Edit: I think I can back up Oray's solution with a proof and confirm that the answer is indeed
$24$
His algorithm suffices to give the upper bound so it only remains to show that it is also a lower bound.
Lower bound
Call a pair of words 'neighbours' if they differ by one letter e.g, $ABCD$ and $ABAD$ are neighbours.
Let us consider the map $A \rightarrow 0, B \rightarrow 1, C \rightarrow 2, D \rightarrow 3$ so that each word maps to a point in 4-dimensional space, e.g, $BACD \rightarrow (1, 0, 2, 3)$. Then the set of words is a finite hypercube lattice (of side length 3) and the set of neighbours of a given word, $W$, is the set of points which lie on some axis-parallel line passing through the point corresponding to $W$.
The set of words beginning with a given letter is a finite cubic lattice in this space.
Key Observation: Each guess eliminates $10$ possible answers from the cube containing the guess and $1$ possible answer from each of the other cubes.
Now, suppose that the number of guesses we make is less than $24$. Then there is at least one cube which contains at most $5$ guesses.
We may ask the following question: what is the maximum number of words we can eliminate from a single cube with $5$ guesses?
I propose that the answer is $45$.
To show this, notice that each cube further subdivides into four planes corresponding to fixing the second letter of the word.
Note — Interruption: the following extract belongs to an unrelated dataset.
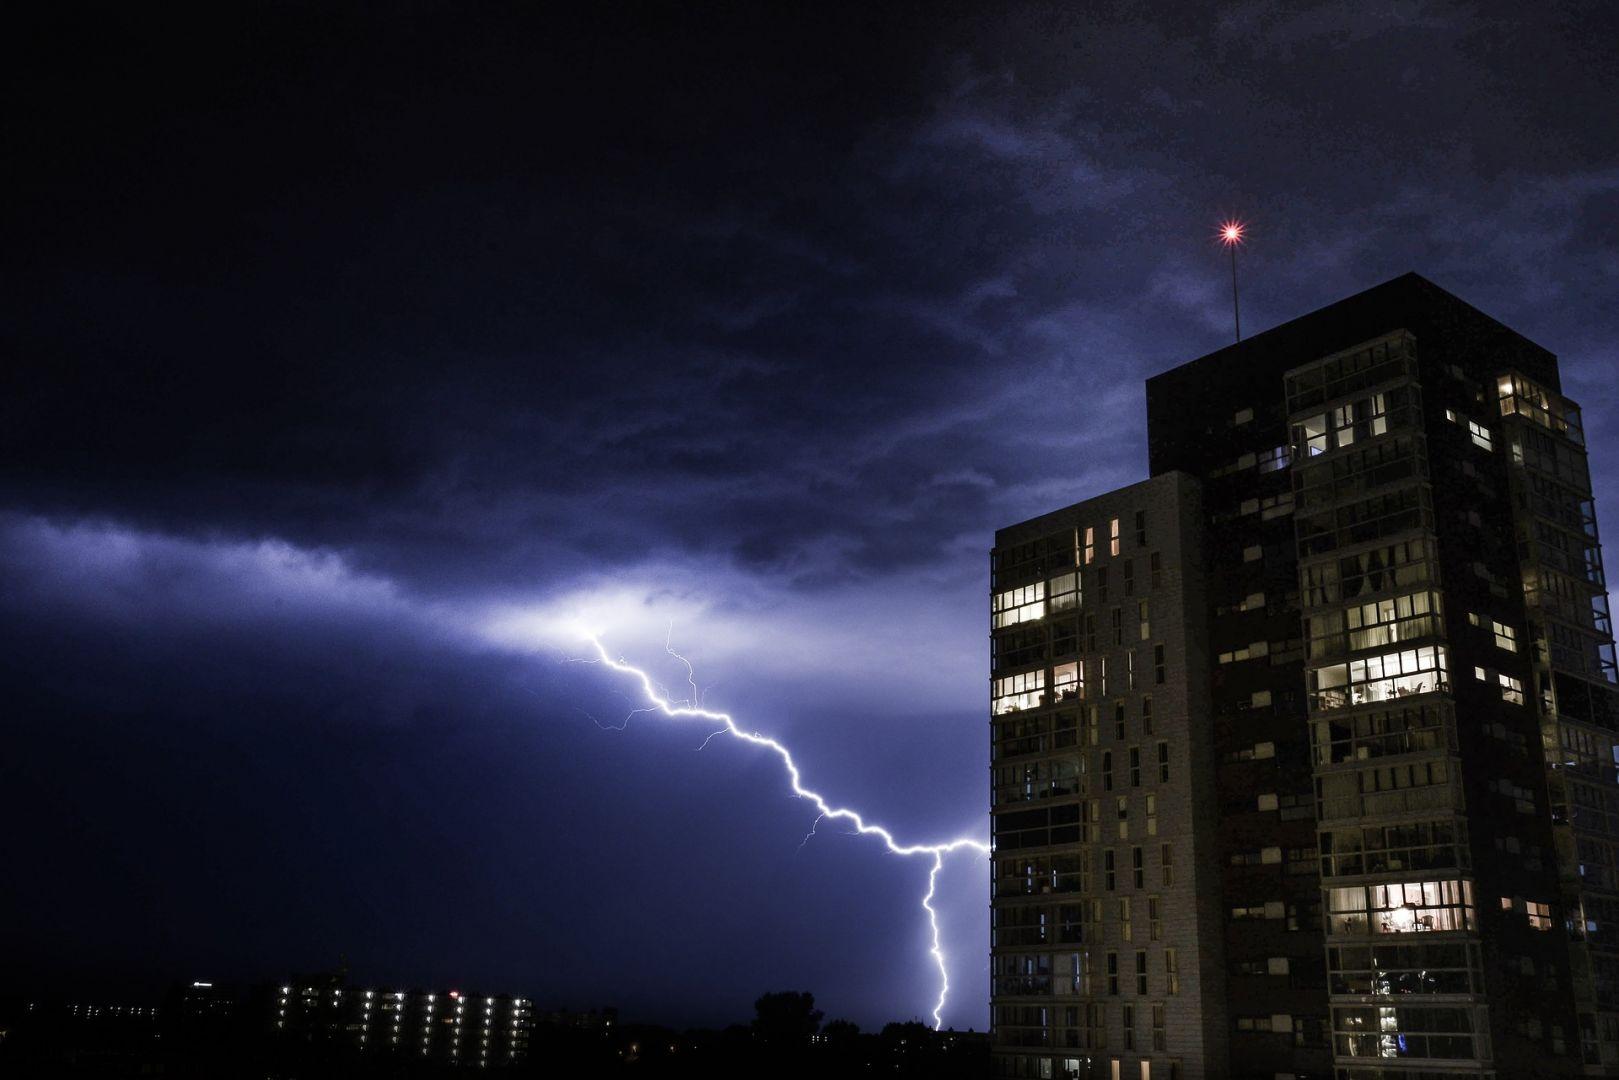 ВЧелябинской области ожидаются дожди сградом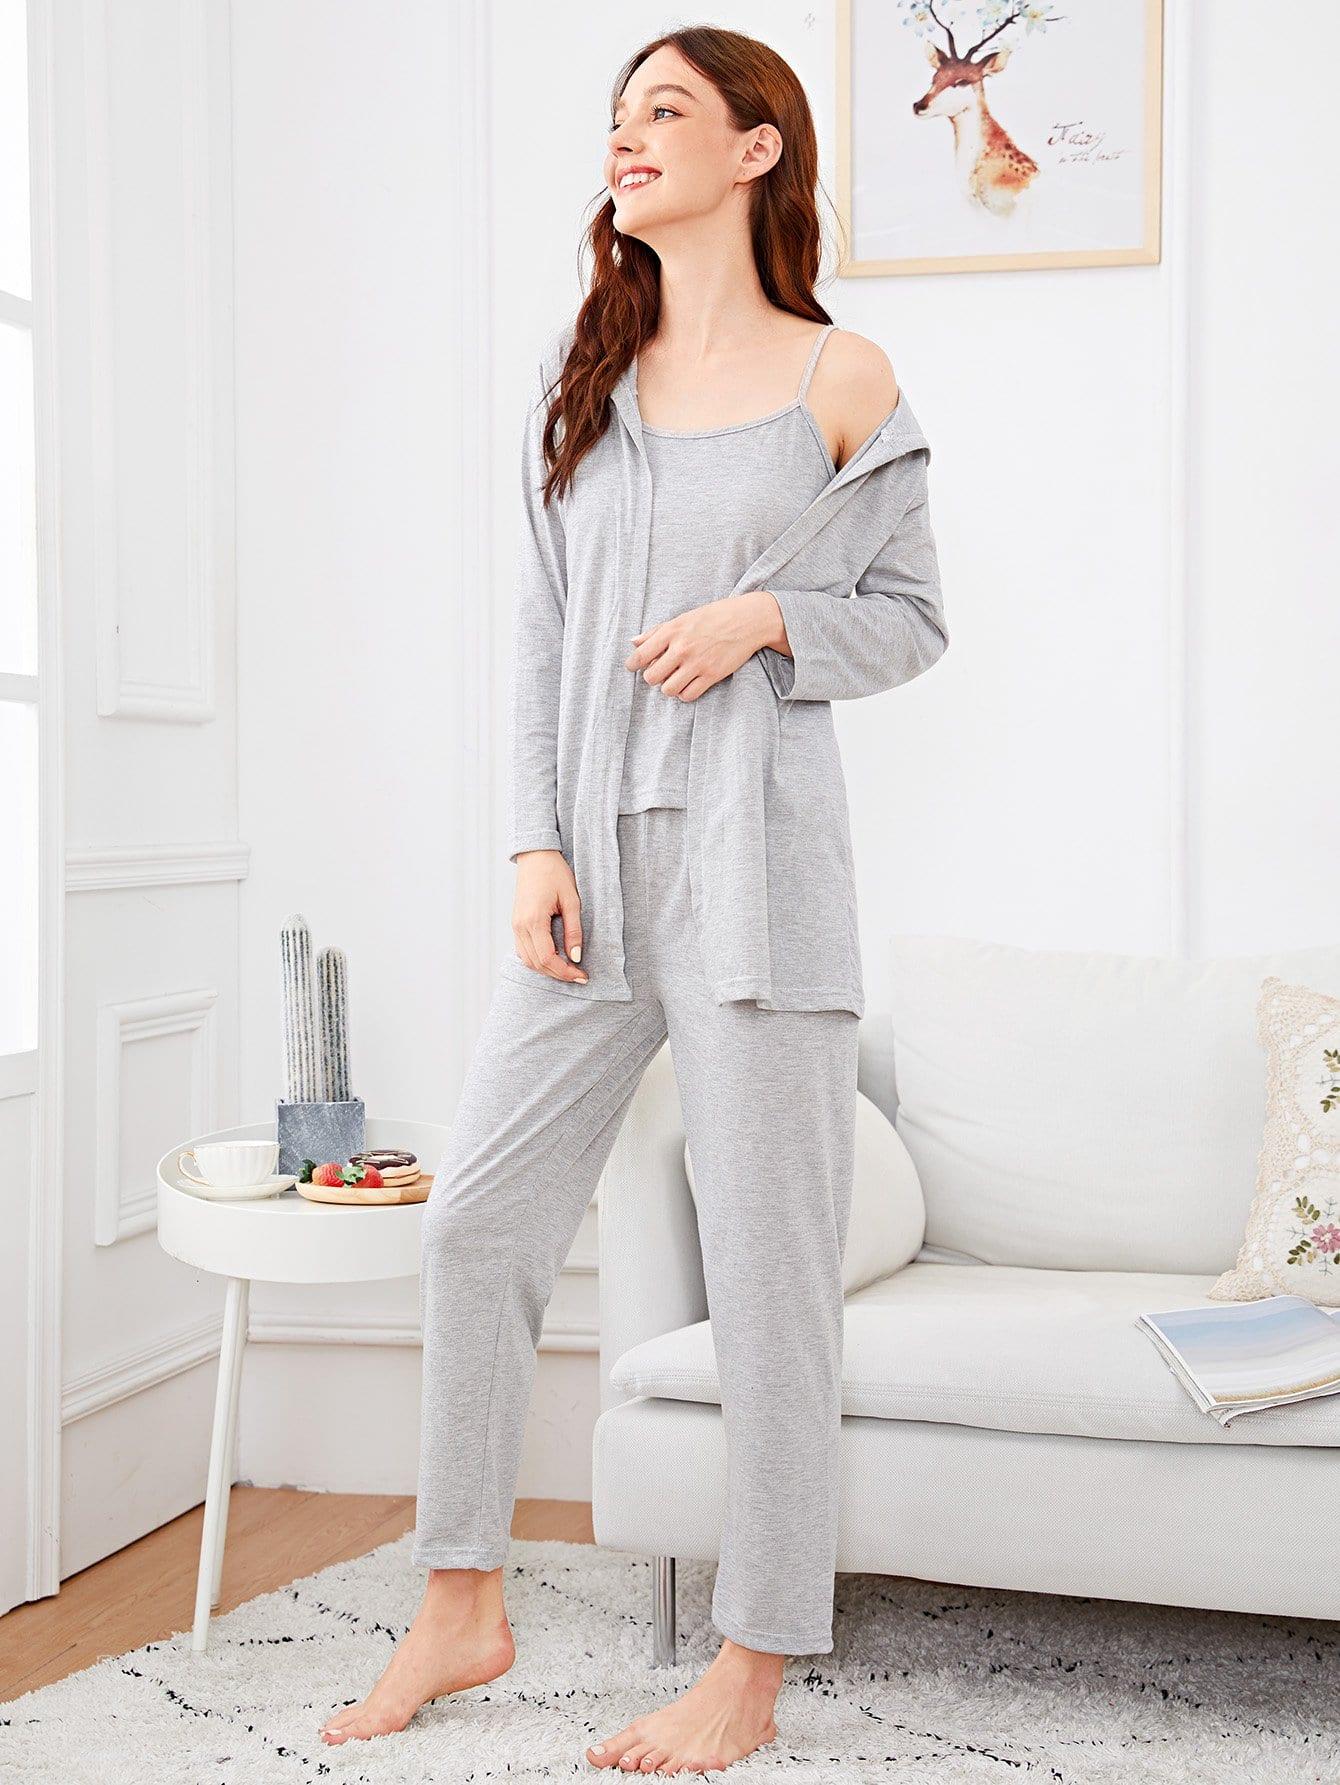 Купить Комплект простой пижамы на бретелях и домашний халат с капюшоном, Poly, SheIn

With $5$ guesses, there is at least one of these planes which contains at least two guesses. This pair of guesses will share at least two neighbours (call them intersections of the guesses). Alternatively, we can subdivide the cube lattice into planes in the other two directions (defined by fixing the third or fourth letter) and use the same logic to show that there exists a plane, in each of these directions, which contains at least two guesses with at least a pair of intersections. On face value this seems to constitute six intersections but really there are three possible scenarios to consider.
(i) These intersections may be distinct, in which case there are a total of six intersections.
(ii) One or more of these intersections may appear twice, in which case any double intersection counts twice (as it prevents two guesses from eliminating an additional possible answer). So again there are essentially a total of six intersections.
(iii) One intersection may appear three times. This is a special case as the triple intersection may only count twice (it prevents two guesses from eliminating a possible answer but if these two guesses also intersect here it is to neither one's detriment). Hence, in this case there are essentially five intersections.
The point is that the maximum number of words in a given cube that can be eliminated as possible answers by $5$ guesses in that cube is $5 \times 10 - 5 = 45$. The maximum number of words in a given cube that can be covered by $18$ guesses in other cubes is $18$. Hence, if we are limited to at most $23$ guesses, then there is some cube with at most $45 + 18 = 63$ out of $64$ words eliminated as possible answers. Hence, the number of guesses we must make is at least $24$.
Note 1: If the above logic does not convince you, it does not take very much computing power to show that, in a given cube of words with $5$ guesses, we can eliminate at most $45$ possible answers since ${{64}\choose{5}} = 7,624,512$ which is not terribly big.
Note 2: It should be fairly clear that it's not worth having less than five guesses in a given cube if we are limited to $23$ overall since we make up only one guess by guessing in a different cube and lose at least that by not guessing in the given cube.
Note 3: One thing that falls out from this analysis is that it may be possible, with $23$ guesses, to guarantee that either you win the prize or you definitely know your friend's word. I don't know if this is achievable but would be very interesting to see if so.